• [Problem details]:
The data is to be repeated exactly, with the images removed.

• [Data shown]:
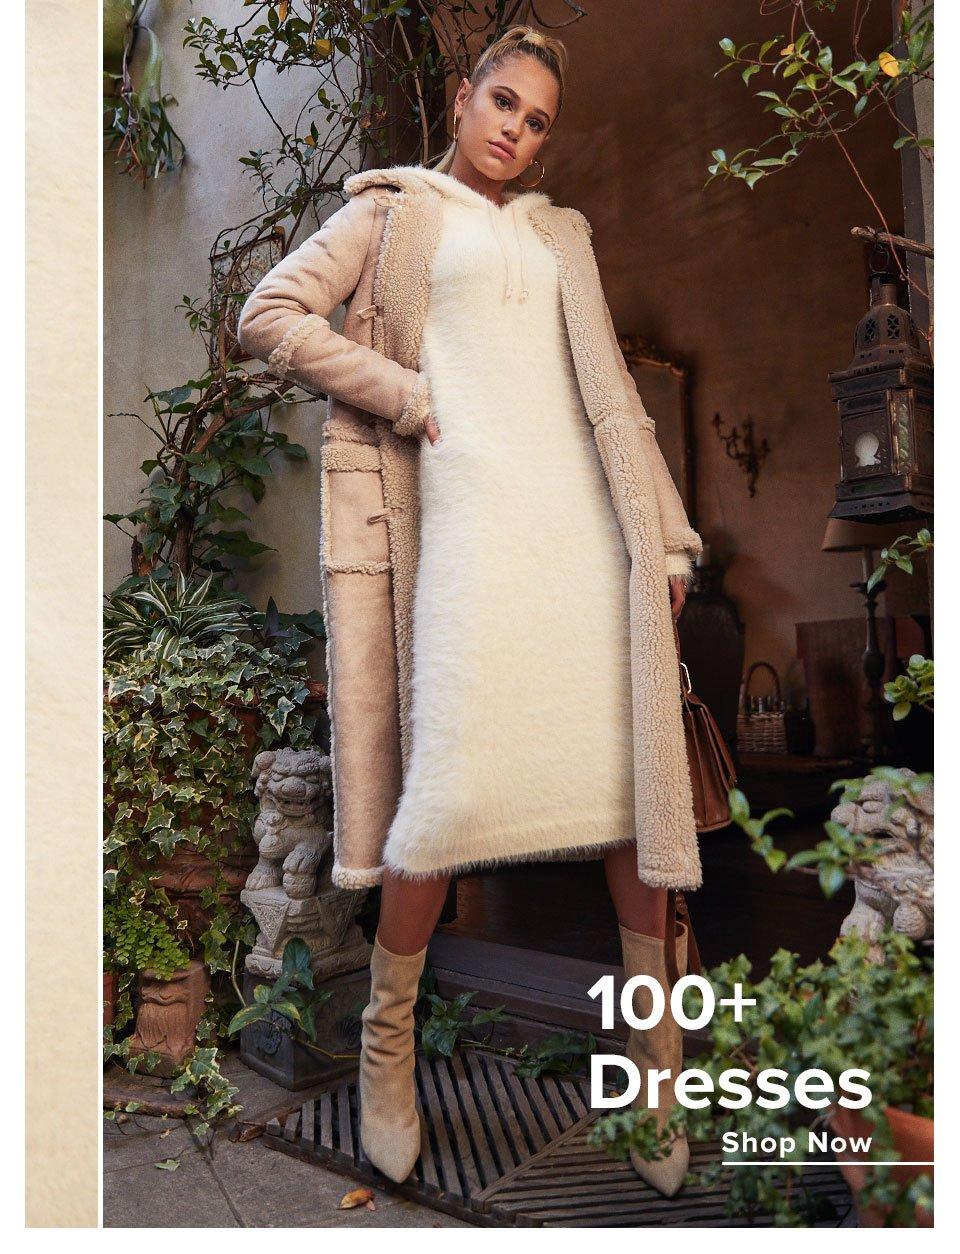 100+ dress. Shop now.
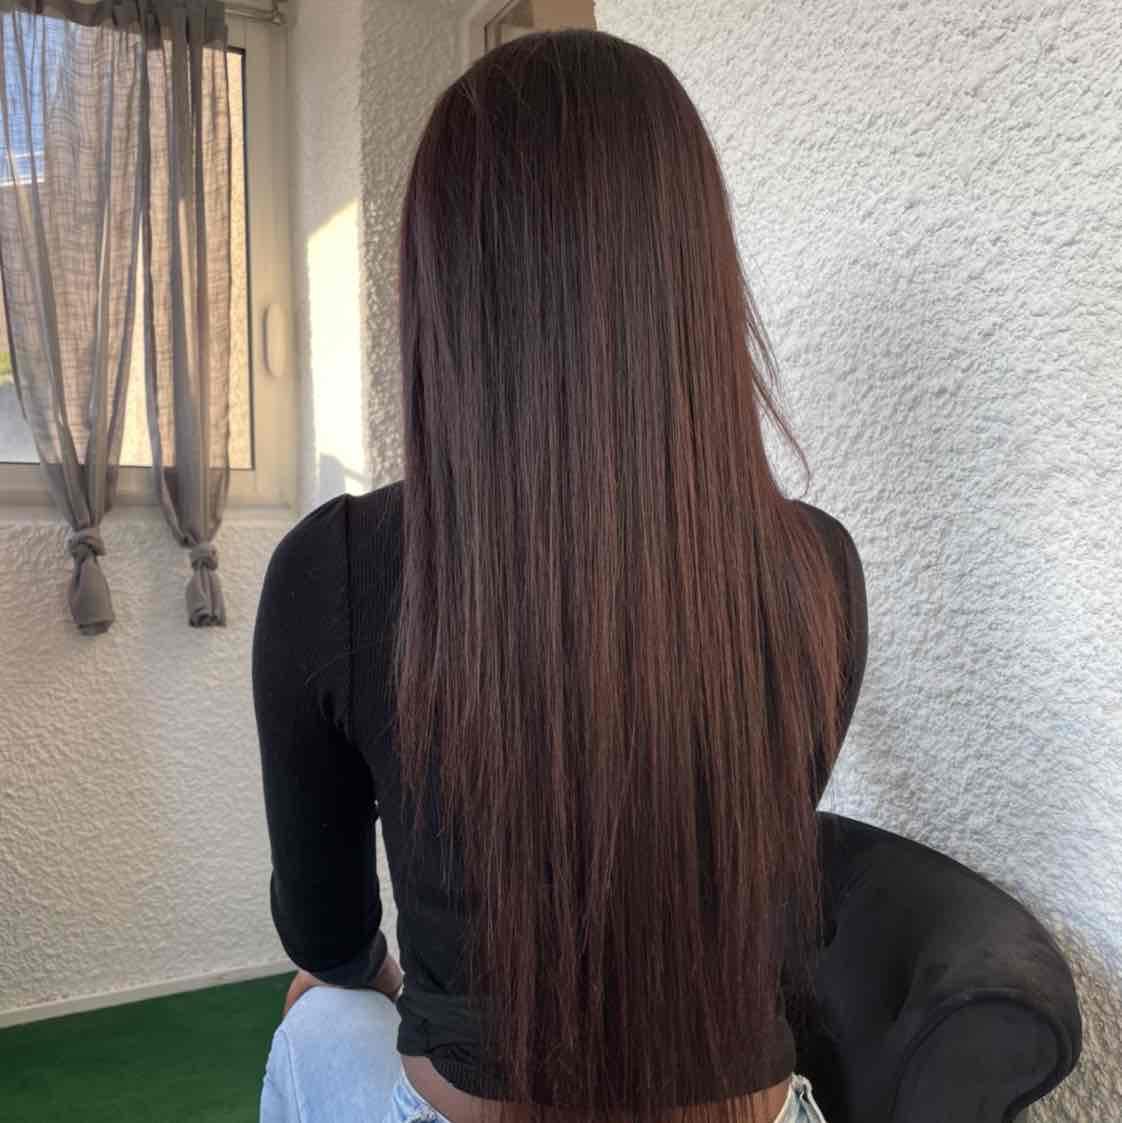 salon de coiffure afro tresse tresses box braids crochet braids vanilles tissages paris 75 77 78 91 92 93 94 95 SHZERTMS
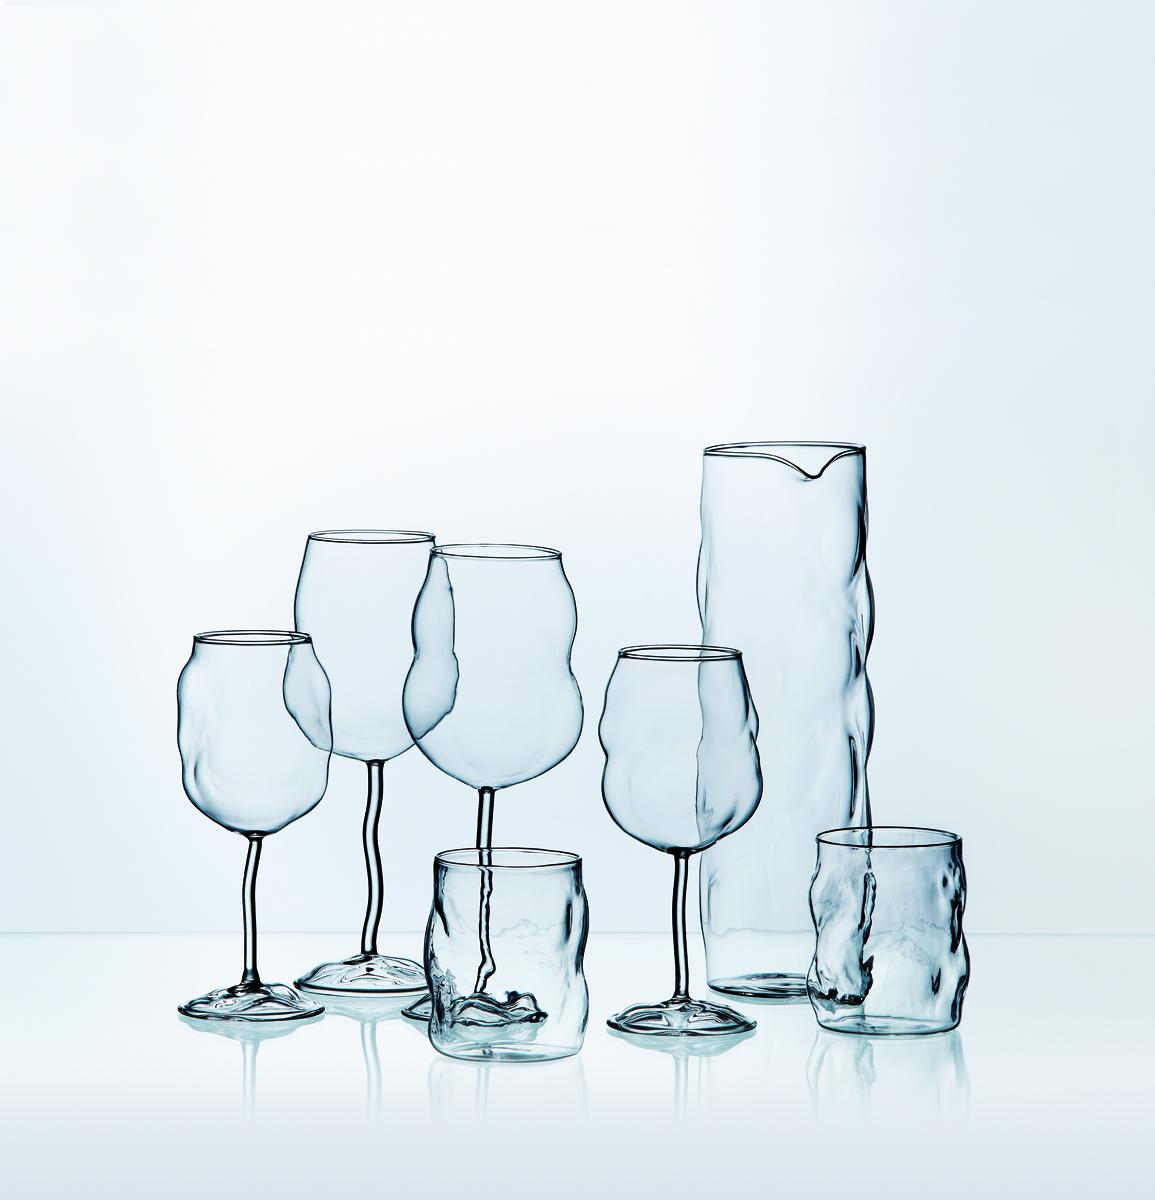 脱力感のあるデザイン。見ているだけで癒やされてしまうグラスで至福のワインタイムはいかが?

• [Response to the exercise]:
 100+ dress. Shop now.
 salon de coiffure afro tresse tresses box braids crochet braids vanilles tissages paris 75 77 78 91 92 93 94 95 SHZERTMS
 脱力感のあるデザイン。見ているだけで癒やされてしまうグラスで至福のワインタイムはいかが?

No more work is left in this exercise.